Volt Typhoon is the name assigned by Microsoft to a cyber-espionage cluster that U.S. and allied intelligence agencies attribute to the People's Republic of China. The group was publicly disclosed in a joint advisory on 24 May 2023 issued by Microsoft alongside the U.S. National Security Agency (NSA), the Cybersecurity and Infrastructure Security Agency (CISA), the FBI, and partner agencies in Australia, Canada, New Zealand, and the United Kingdom (the Five Eyes).
Unlike many Chinese intrusion sets historically focused on intellectual-property theft, Volt Typhoon's targeting profile suggested operational preparation of the environment — quiet, long-dwell access inside U.S. critical infrastructure that could be used to disrupt or destroy services during a future crisis, particularly a conflict over Taiwan. Reported victim sectors include communications, energy, water, transportation, and the maritime base on Guam, a strategically important U.S. military hub in the Pacific.
The group is known for "living-off-the-land" tradecraft: instead of deploying custom malware, operators use built-in Windows tools (PowerShell, wmic, netsh, ntdsutil) and route traffic through compromised small-office/home-office (SOHO) routers — often end-of-life Cisco, NetGear, and Fortinet devices — to blend in with normal network activity and frustrate detection.
In January 2024, the U.S. Department of Justice and FBI announced a court-authorized operation that disrupted the "KV Botnet," a network of hijacked SOHO routers used by Volt Typhoon. In congressional testimony that month, FBI Director Christopher Wray described the campaign as part of Beijing's effort to "wreak havoc" on U.S. infrastructure.
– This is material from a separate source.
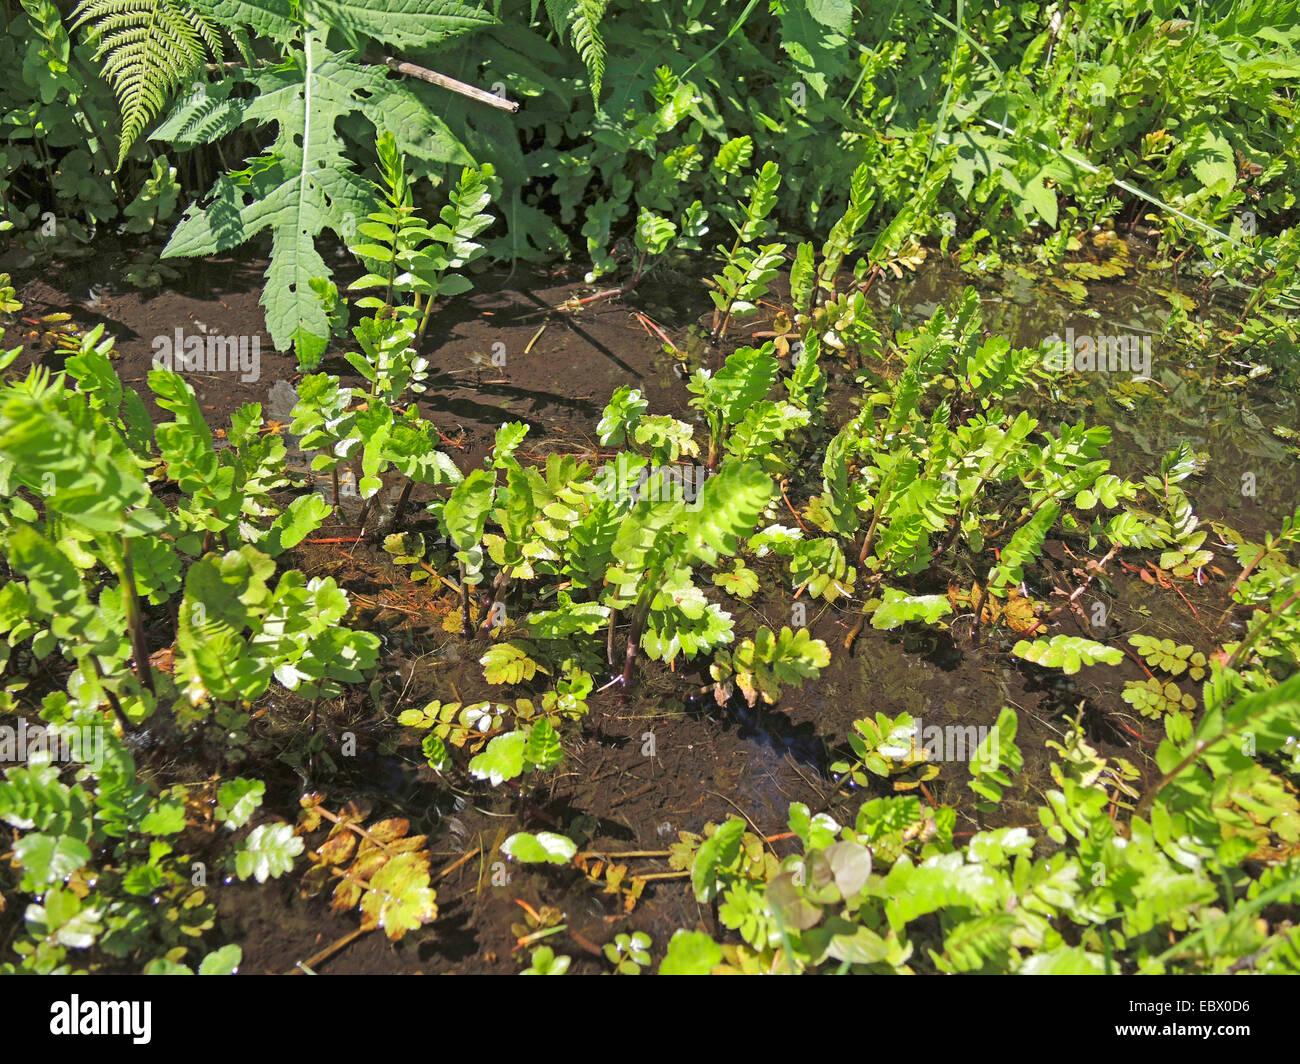 lesser water-parsnip, wild parsnip (Berula erecta), leaves in a ditch, Germany, North Rhine-Westphalia Stock Photo

China's foreign ministry has denied the attributions and accused Washington of fabricating evidence.
For policy researchers, Volt Typhoon is frequently cited in debates over deterrence in cyberspace, critical-infrastructure resilience mandates, and the security of consumer networking equipment.
Example
In January 2024, the U.S. Department of Justice announced that an FBI-led operation had disrupted a botnet of hundreds of compromised routers used by Volt Typhoon to obscure intrusions into U.S. critical infrastructure.
Frequently asked questions
Microsoft, the NSA, CISA, the FBI, and Five Eyes partner agencies in the UK, Canada, Australia, and New Zealand publicly attributed the activity to a PRC state-sponsored actor in a joint advisory in May 2023.